Change in entropy for the reaction is

ΔS° = -268.13 J/K.mol

Explanation:

To calculate the change in entropy for the balanced reaction, we require the natural entropy of all the reactants and products in the reaction.

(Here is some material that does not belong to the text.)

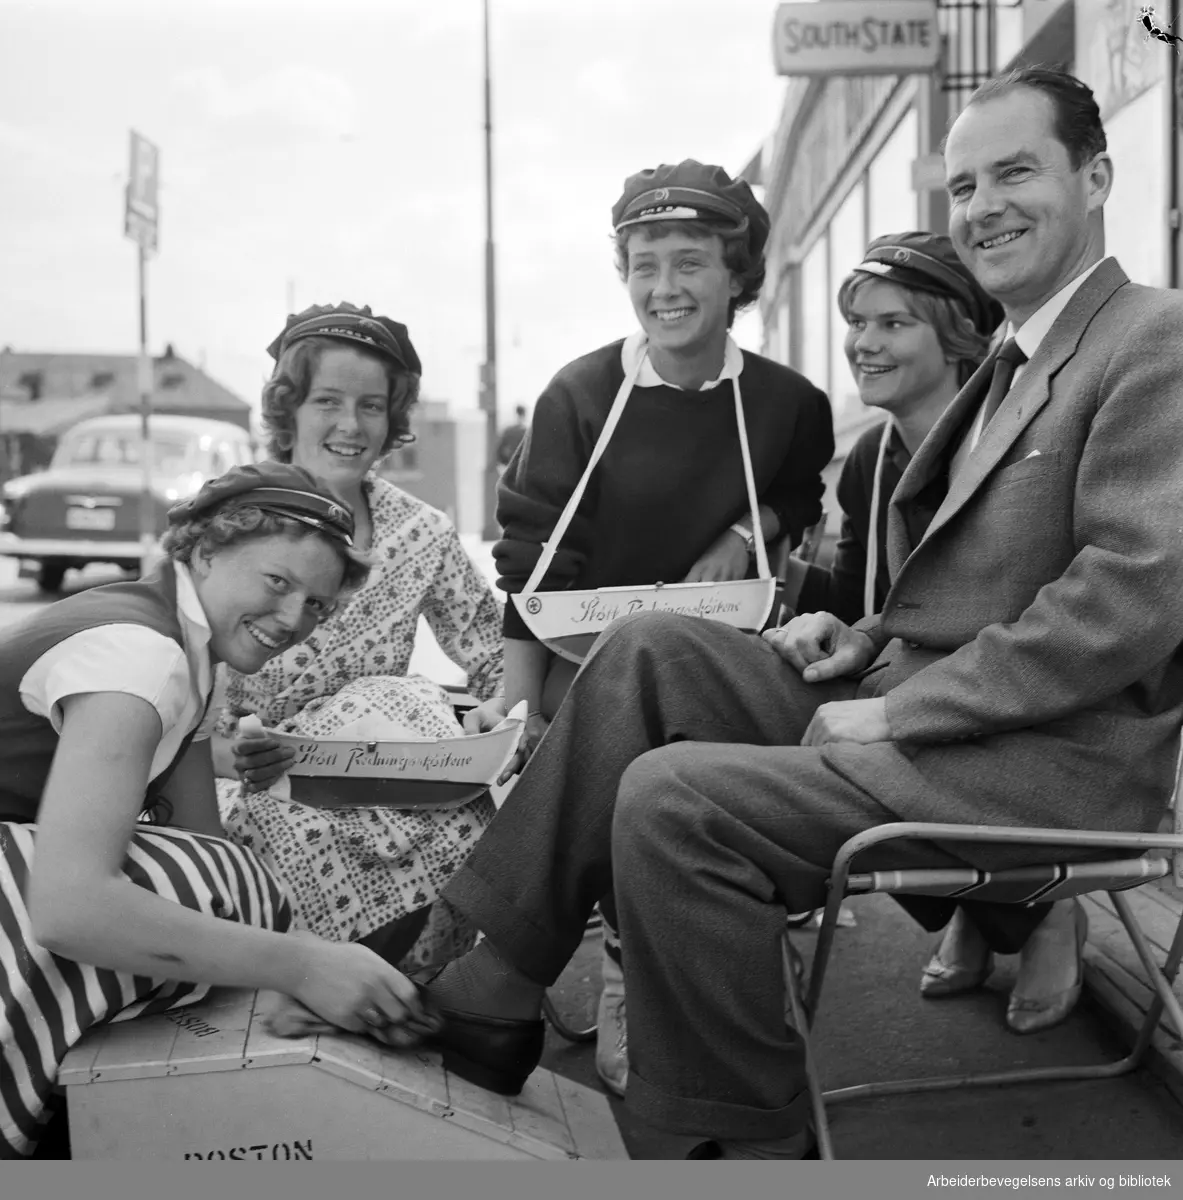 Russen pusser sko til inntekt for Redningsselskapet. Fra venstre: Eva Selbak, Kirsti Koch, Brit Fredheim, Maria Lefdal og Jon Ingvalstad Hanssen. Mai 1960.

3 NO₂(g) + H₂O(l) → 2 HNO₃(l) + NO(g)

From Literature.

S°(NO₂) = 240.06 J/K.mol

S°(H₂O) = 69.91 J/K.mol

S°(HNO₃) = 155.60 J/K.mol

S°(NO) = 210.76 J/K.mol

These are the entropies of the reactants and products under standard conditions of 298.15 K and 1 atm.

Note that

ΔS° = Σ nᵢS°(for products) - Σ nᵢS°(for reactants)

Σ nᵢS°(for products) = [2 × S°(HNO₃)] + [1 × S°(NO)]

= (2 × 155.60) + (1 × 210.76) = 521.96 J/K.mol

Σ nᵢS°(for reactants) = [3 × S°(NO₂)] + [1 × S°(H₂O)]

= (3 × 240.06) + (1 × 69.91) =790.09 J/K.mol

ΔS° = Σ nᵢS°(for products) - Σ nᵢS°(for reactants)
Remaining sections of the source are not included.